> Exercise material
=== Section Start ===

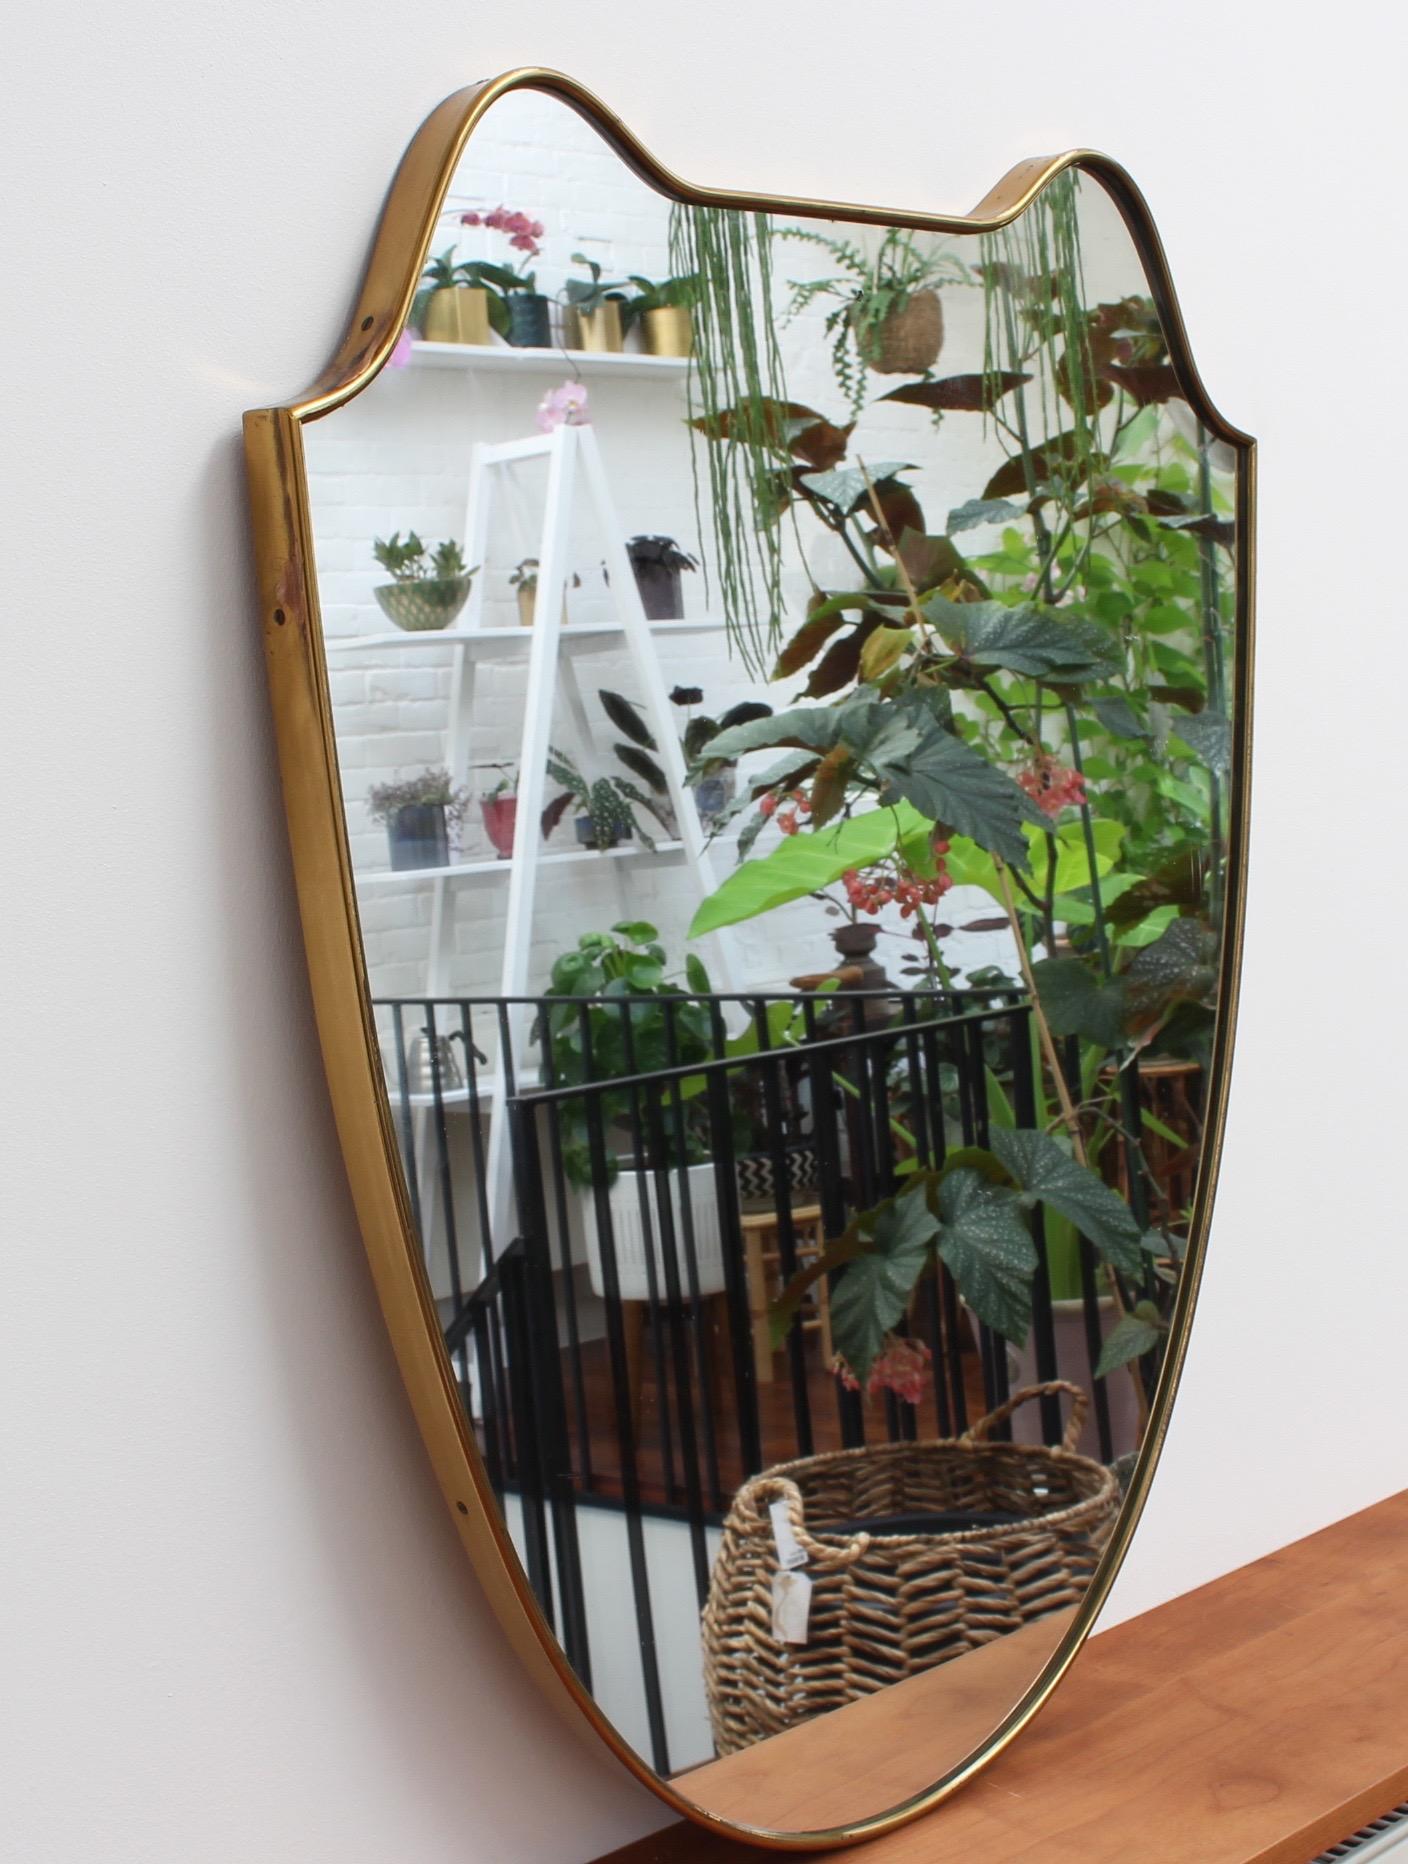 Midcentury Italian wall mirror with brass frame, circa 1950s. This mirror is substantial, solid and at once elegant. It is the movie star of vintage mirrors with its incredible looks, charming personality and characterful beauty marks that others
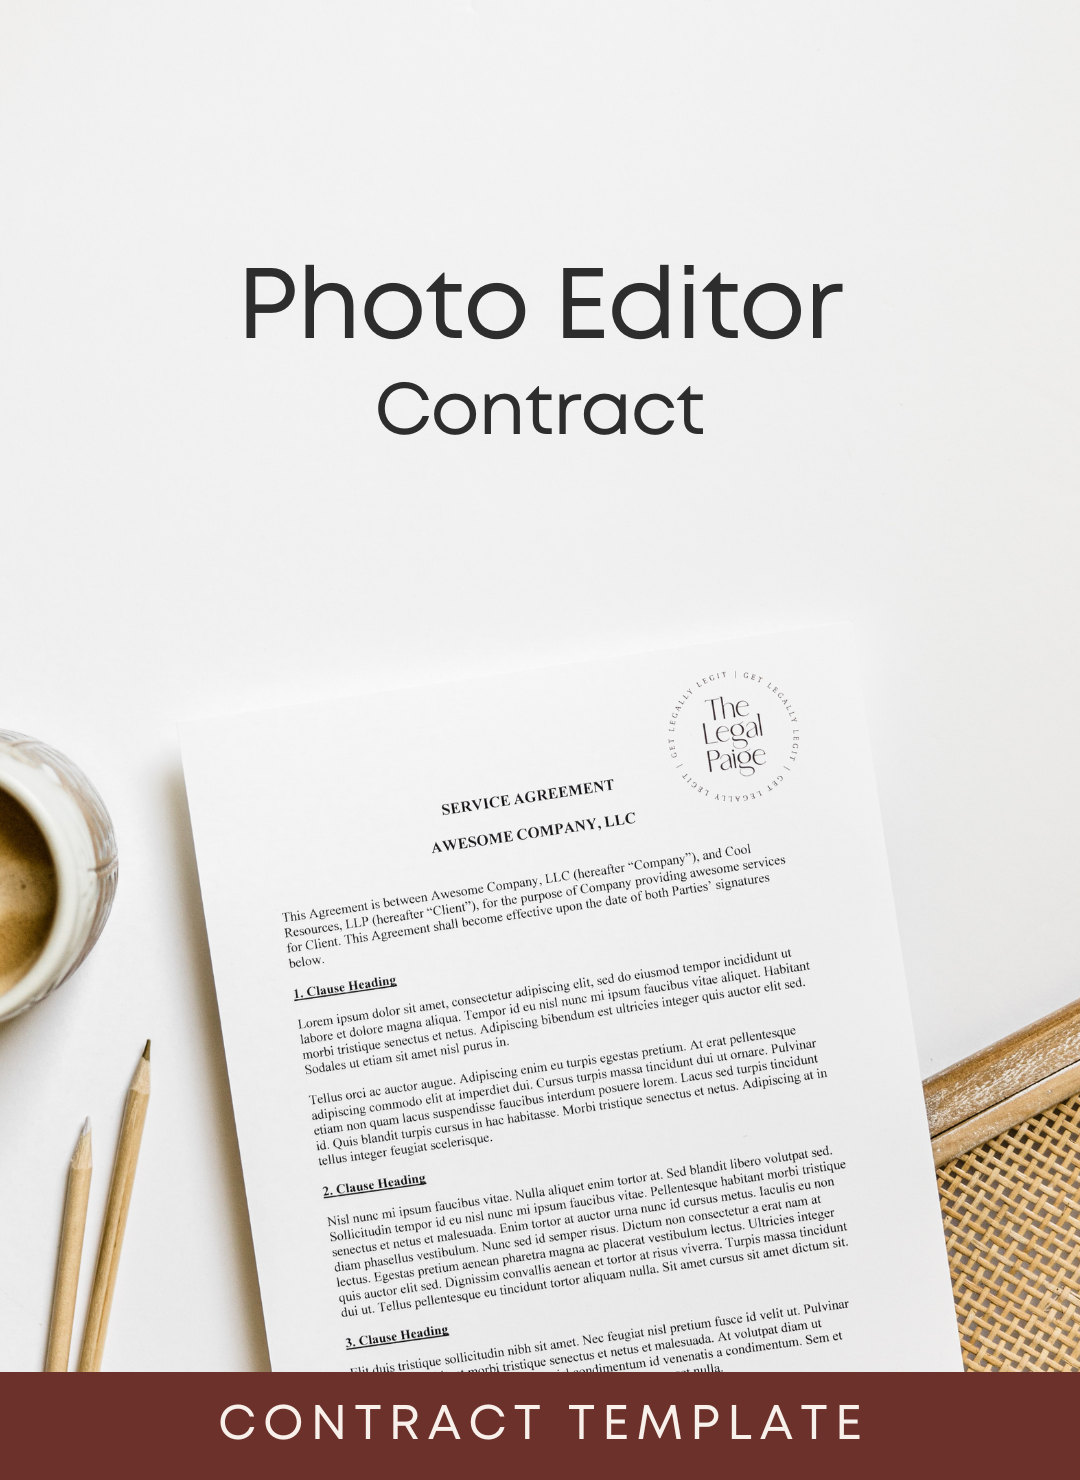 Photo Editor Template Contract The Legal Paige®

=== Section End ===
=== Section Start ===

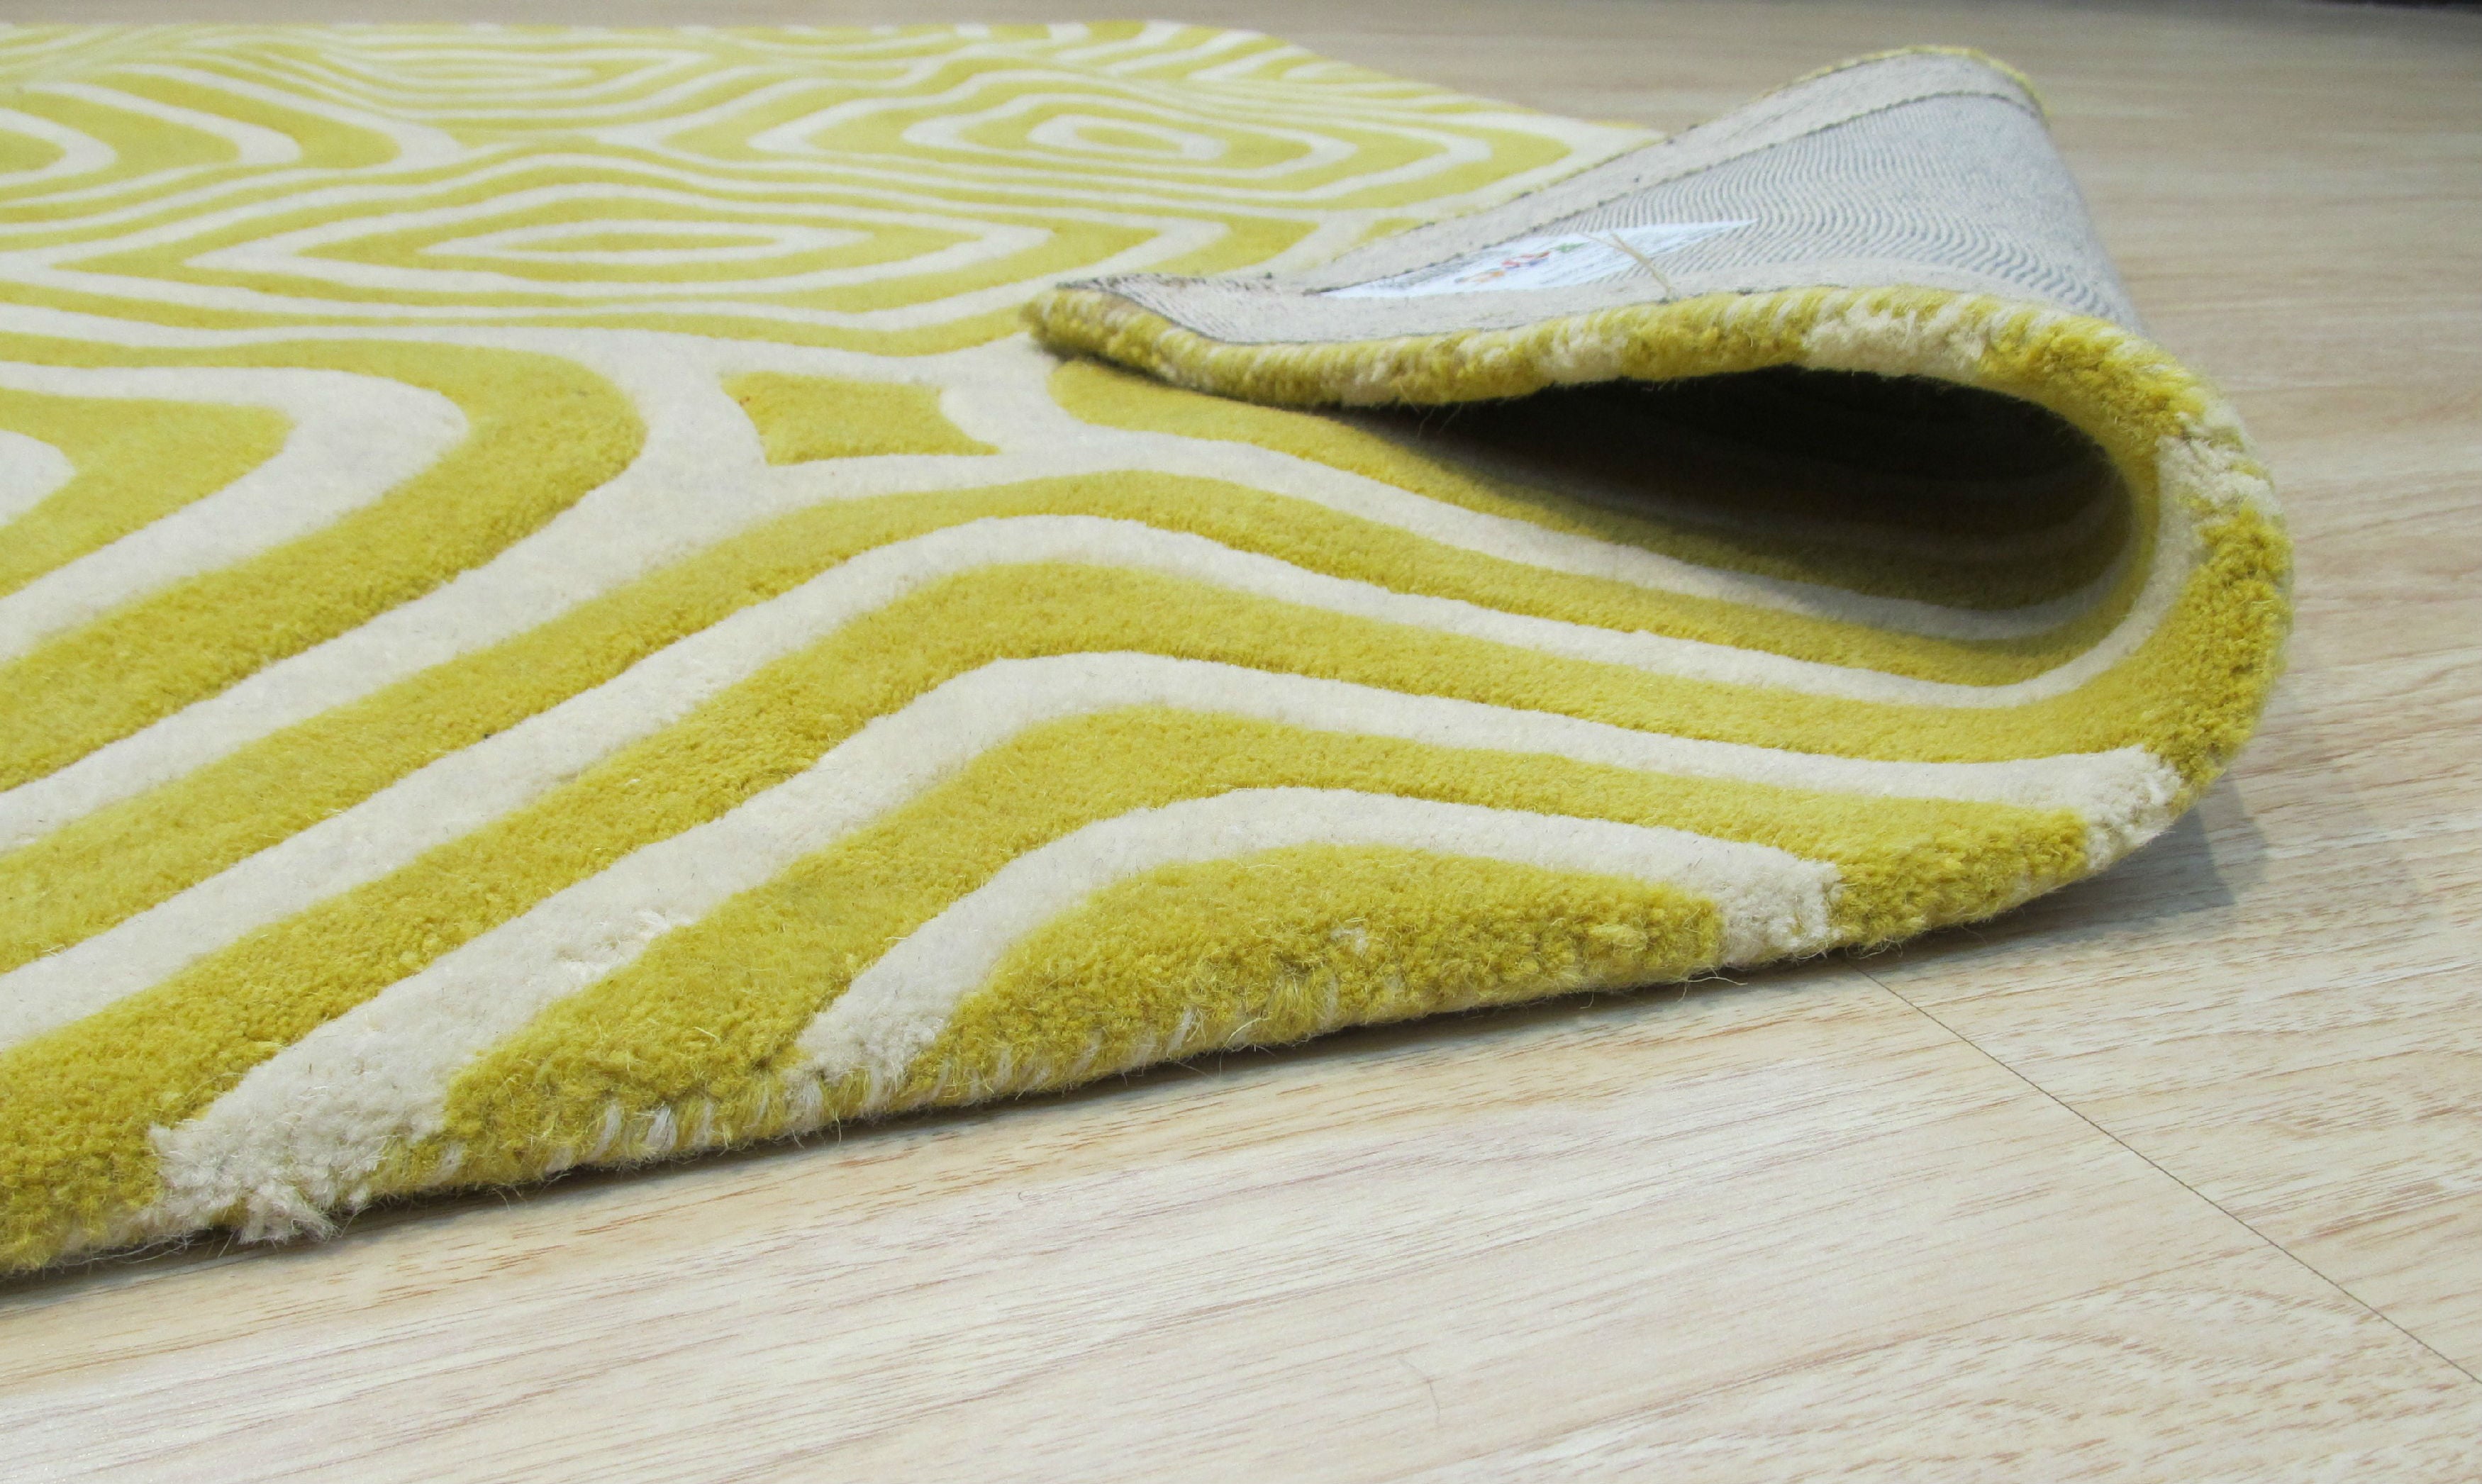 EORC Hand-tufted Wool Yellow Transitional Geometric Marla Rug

=== Section End ===
=== Section Start ===

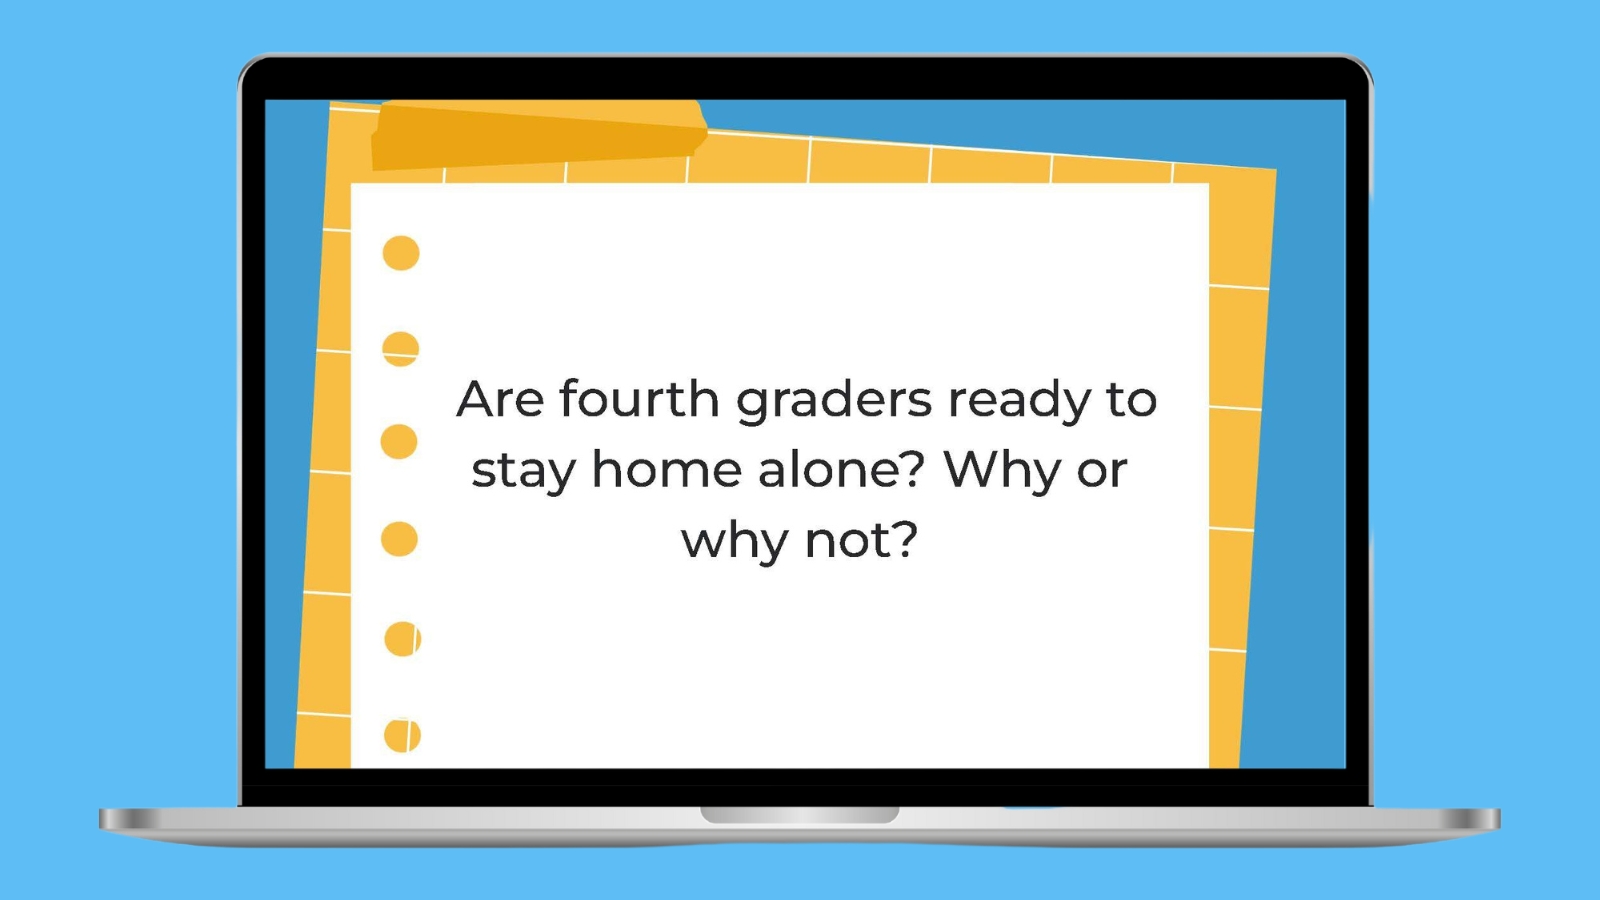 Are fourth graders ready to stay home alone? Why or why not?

=== Section End ===

> Directions for this task
An exact copy is needed of the stretch above that opens with the line containing "Midcentury Italian wall" and closes with the line containing "Photo Editor Template"; the pictures are not part of it.

> Response to the exercise
 Midcentury Italian wall mirror with brass frame, circa 1950s. This mirror is substantial, solid and at once elegant. It is the movie star of vintage mirrors with its incredible looks, charming personality and characterful beauty marks that others
 Photo Editor Template Contract The Legal Paige®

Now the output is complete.